Faz-se necessária, portanto, uma renovação da crítica - um renascimento -, de preferência, com a obtenção de espaços em jornais, já que a crítica cinematográfica e também acerca de outras artes têm espaço nesses veículos. O reinício de uma crítica viria não somente para acrescer ao pensamento humano - mas à própria arte, que inegavelmente tem seus envolvimentos com esse gênero.

IV - Se há Oposição Artística, há Desenvolvimento Artístico:

Grande parte do desenvolvimento artístico da humanidade baseou-se no pressuposto de evolução do que já fora escrito e de evolução do que estava vigente na época. Os manifestos artísticos (e até mesmo obras  artísticas "inaugurais"), esbanjando argumentos contra imposições de um ou outro estilo, formaram grande parte das revoluções temáticas e estéticas, históricamente representativas para um homem que se transfigurava pelos tempos. Após a Vanguarda do Modernismo - genialmente chamada por Mário Chamie de "a vanguarda anti-vanguarda", pela sua característica de grupo unido lutando pela ruptura total e  pelo esquecimento de nomenclaturas -, além de termos entrado num século em que a técnica (ciências, a matemática, os números, etc) imperou, desumanizando o ser humano (quanto mais técnica, menos homem, como defendia Weber).
Tudo isso, aliado à queda do nível da educação no país - e do foco em matérias não referentes às Humanidades -, contribui ao desinteresse pela poesia, pela arte e pela produção e melhoria destas. Inegavelmente, porém, as pessoas que são interessadas por arte não muito hesitariam em lutar por uma arte melhor e representativa do ser humano de nosso tempo - não necessariamente cruamente de nosso tempo, alheia ao ser humano. Ou seja, pessoas para trabalharem sobre a possibilidade de vanguardas existem, sejam de posições diferentes ou não, falta acreditarem na utilidade pós-moderna de tal.
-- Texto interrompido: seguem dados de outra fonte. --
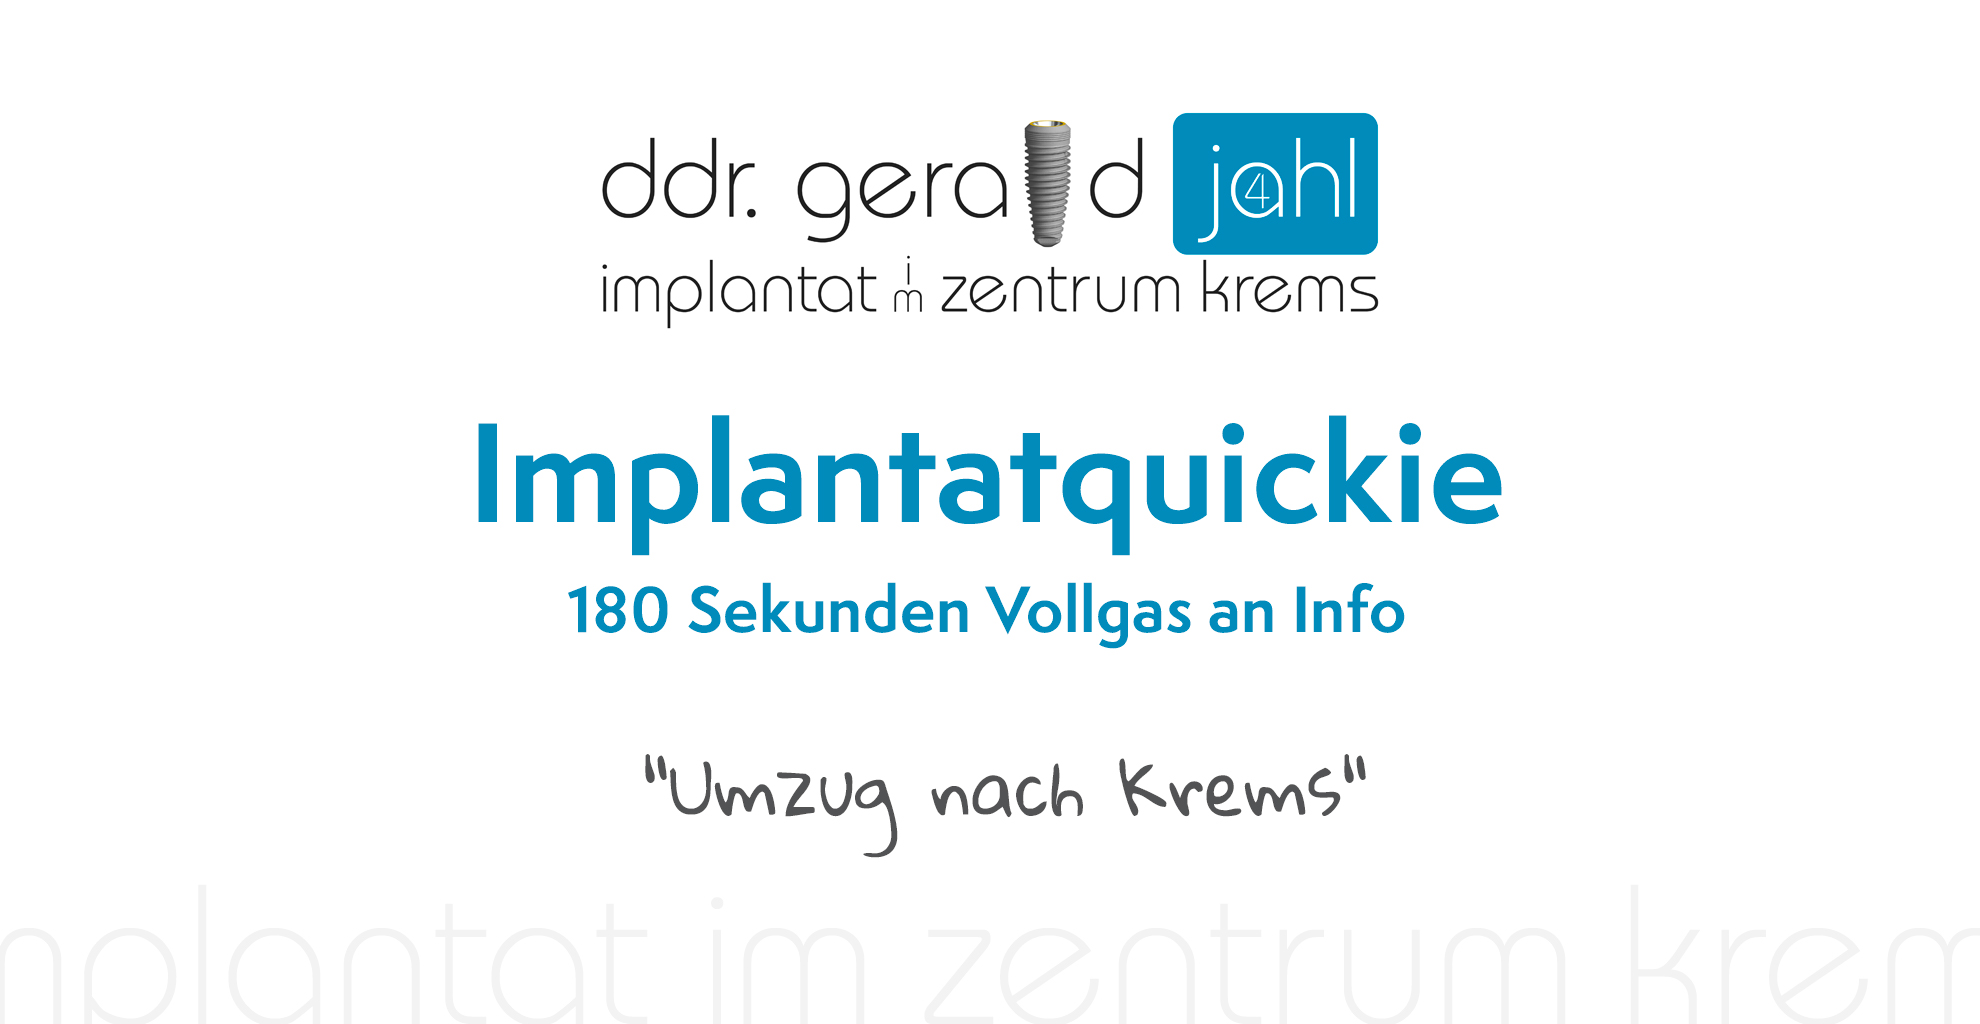 Implantatquickie - 180 Sekunden Vollgas an Info -

V - Por que Vanguardas, se supostamente pouco há para se dizer de Novo?


Entre os vários argumentos utilizados contra a possibilidade uma vanguarda no contemporâneo é o fato de que não há um Novo e nem a possibilidade de criá-lo. O grande ponto, no caso, é que a maioria dos movimentos artísticos foram recriações de pensamentos antigos, desenvolvimentos pessoais sobre alicerces culturais do ocidente, ou seja, uma eterna revisão do que o ser humano sempre ansiou. Essa repaginação, se pudermos assim chamar, é, em parte, modificada pelo Tempo em que é feita. Noutra parte - pelo sujeito que a pratica. Se formos analisar algumas tendências de arte - não necessariamente definidas - que estão sendo expostas nos nossos dias, poderemos ver que há uma ânsia pelo Novo, mas não, certamente, um sucesso para encontrá-lo. O atingimento da Novidade tem de ser atingido por uma comunhão da Estética e da Temática, sendo a última a essencialidade do que há de ser procurado. O que vemos hoje é um abuso de tentativas de "impressionar" pela primeira-impressão, mas uma fraca tentativa de impressionar pela Arte em lacto-sensu, ou seja, por meio do desenvolvimento da Arte no visualizador.
Há, sim, muito de novo para se falar - caso contrário sequer haveria a continuidade das Artes e o seu nexo de existência, que é necessário por si somente. A busca pelo Novo - e a negação posterior dessa visualização feita por um outro grupo -, talvez, alavancaria minimamente algumas questões culturais que estão estagnadas no Brasil - e que teimam em dormir moribundamente diante da paralisação da alma do próprio ser humano diante de si.